1. very good SQ with stock HU

2. stealthy and clean trunk install


the signal starts from the stock headunit, front and sub signals were tapped before the stock amp and sent to a Rockford 3sixty.2. since hte stock headunit's signal is pretty flat, the 360 is set up just as a processor, no OEM integration/flattening.

the front stage consists a pair of Seas Lotus Reference 6.5" comps. the midbass are installed in the stock lower door location, and the entire door dampened. the stock mounting holes had to be widened to accomodate the Seas.

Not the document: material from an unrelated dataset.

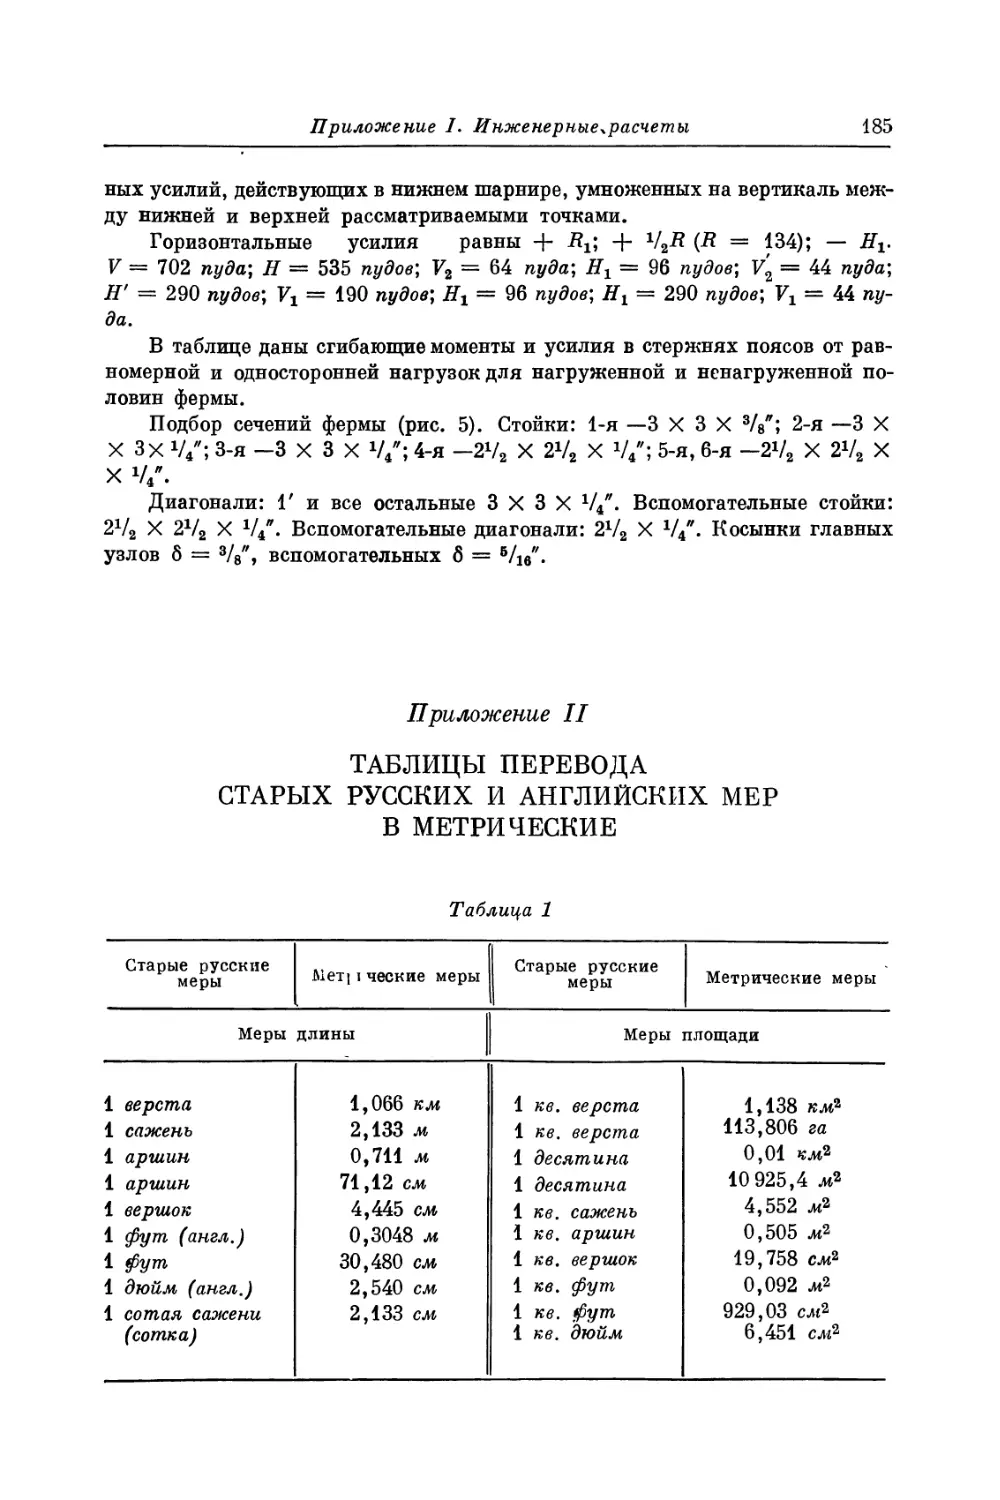 Приложение II. Таблицы перевода старых русских и английских мер в метрические

the seas ref. tweeter are isntalled in the stock tweeter location on top of the dash, as it proves to work well in the TL, the stock tweeter grilles were filled in, sanded, and painted with texture coat, andt hent he seas tweeter sunk into it. this is hte best shot i can get at them due to the window stickers hehe



















the stock rear sepakres and stock sub was removed from the rear deck and the deck dampened as well:










moving on to the trunk. the customer supplied me with two relatively large amps and an idmax12. my delimma was this: the TL's floor is not flat, its acutally in three stages, at the far front, its at a downward angle, in the middle, it gets slightly shallower, and in the back, it gets shallower still, hence the stock floor cover is in three foldable sections. what this means it hat if i build a new floor, it would either have to be in three sections to conform with the stock floor, or, raise it up qiute a bit and makeit level. in the end, wtih some careful measurements, i managed to avoid both.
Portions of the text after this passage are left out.